### Task material

——————

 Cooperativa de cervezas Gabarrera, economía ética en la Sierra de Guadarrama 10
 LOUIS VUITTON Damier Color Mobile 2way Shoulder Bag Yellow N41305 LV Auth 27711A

——————

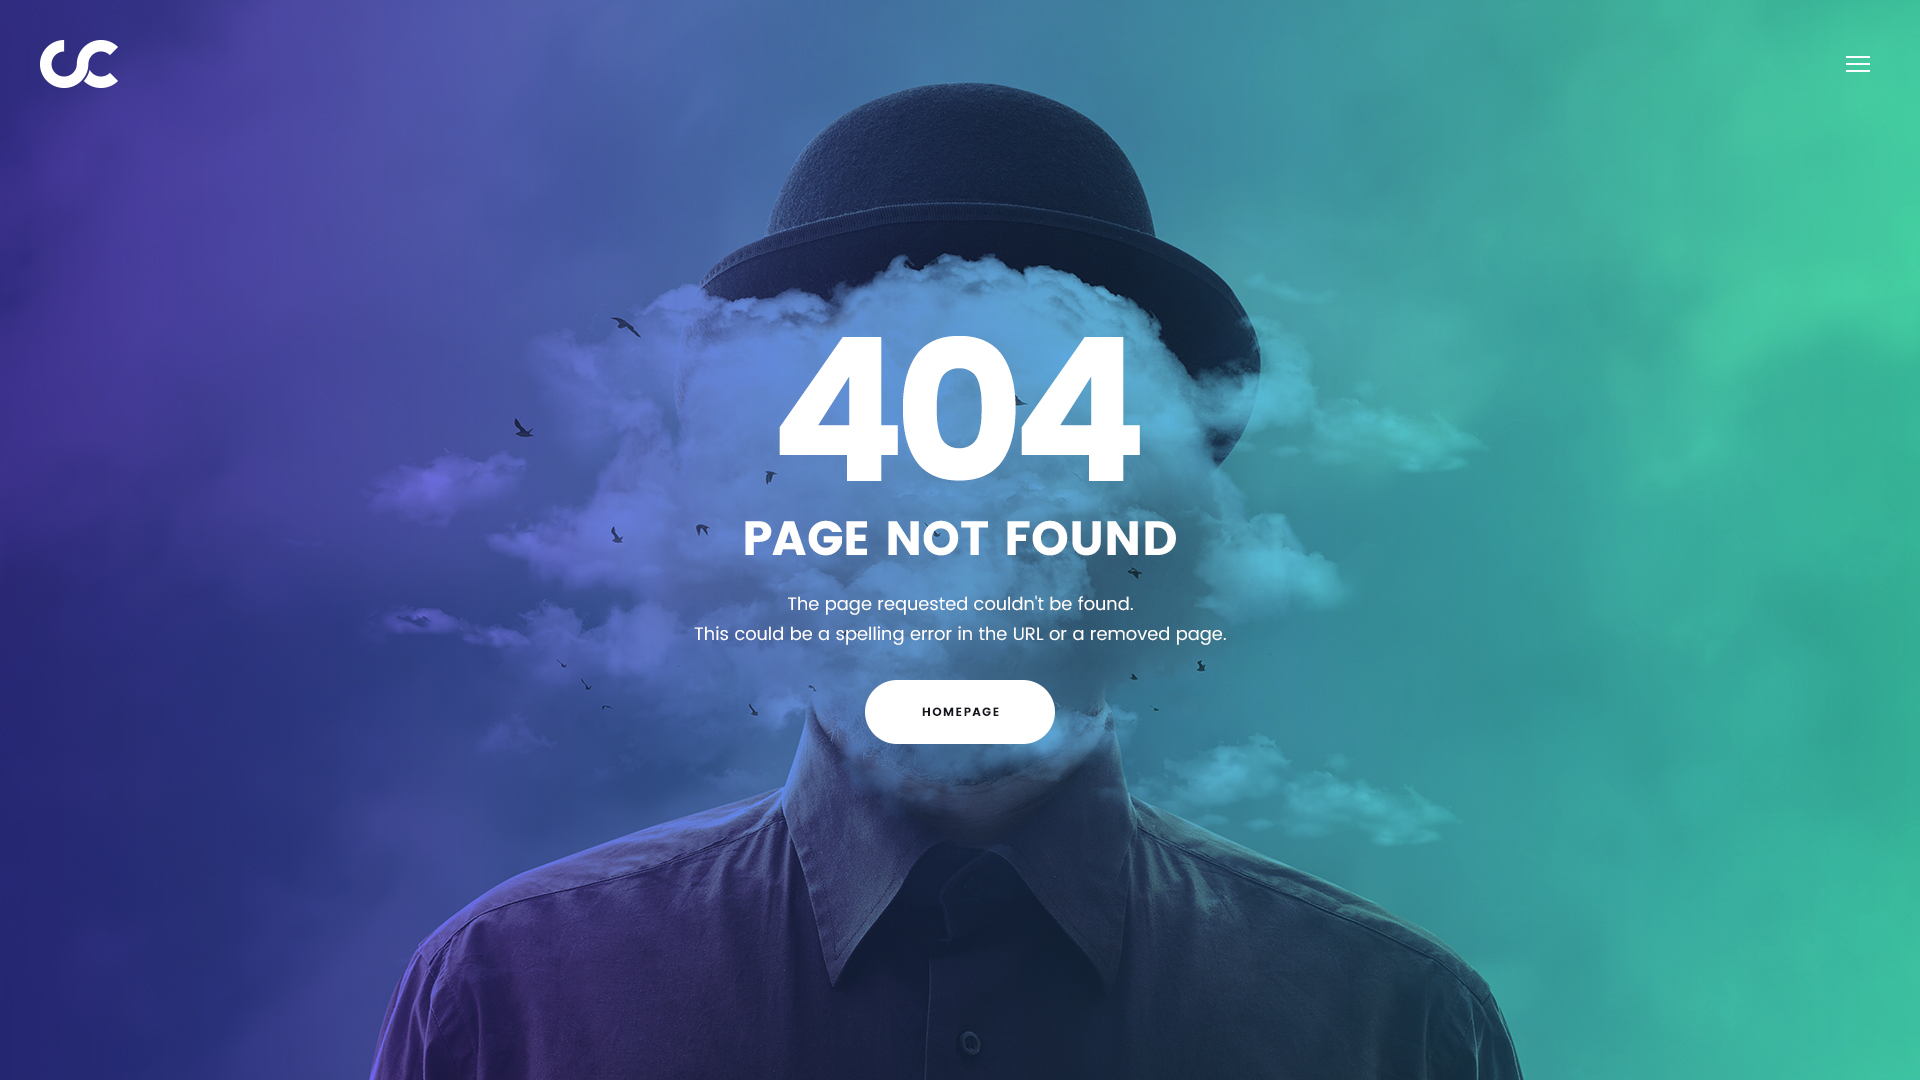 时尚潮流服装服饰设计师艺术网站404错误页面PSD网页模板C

——————

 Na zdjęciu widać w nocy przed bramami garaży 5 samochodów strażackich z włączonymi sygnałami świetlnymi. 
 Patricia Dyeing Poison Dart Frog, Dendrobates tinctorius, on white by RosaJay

——————

### Description of the task
Each line in the entries above, starting at the line with "Na zdjęciu widać" and ending at the line with "Patricia Dyeing Poison", is to be printed exactly, and only those lines.

### Reply to the exercise
 Na zdjęciu widać w nocy przed bramami garaży 5 samochodów strażackich z włączonymi sygnałami świetlnymi. 
 Patricia Dyeing Poison Dart Frog, Dendrobates tinctorius, on white by RosaJay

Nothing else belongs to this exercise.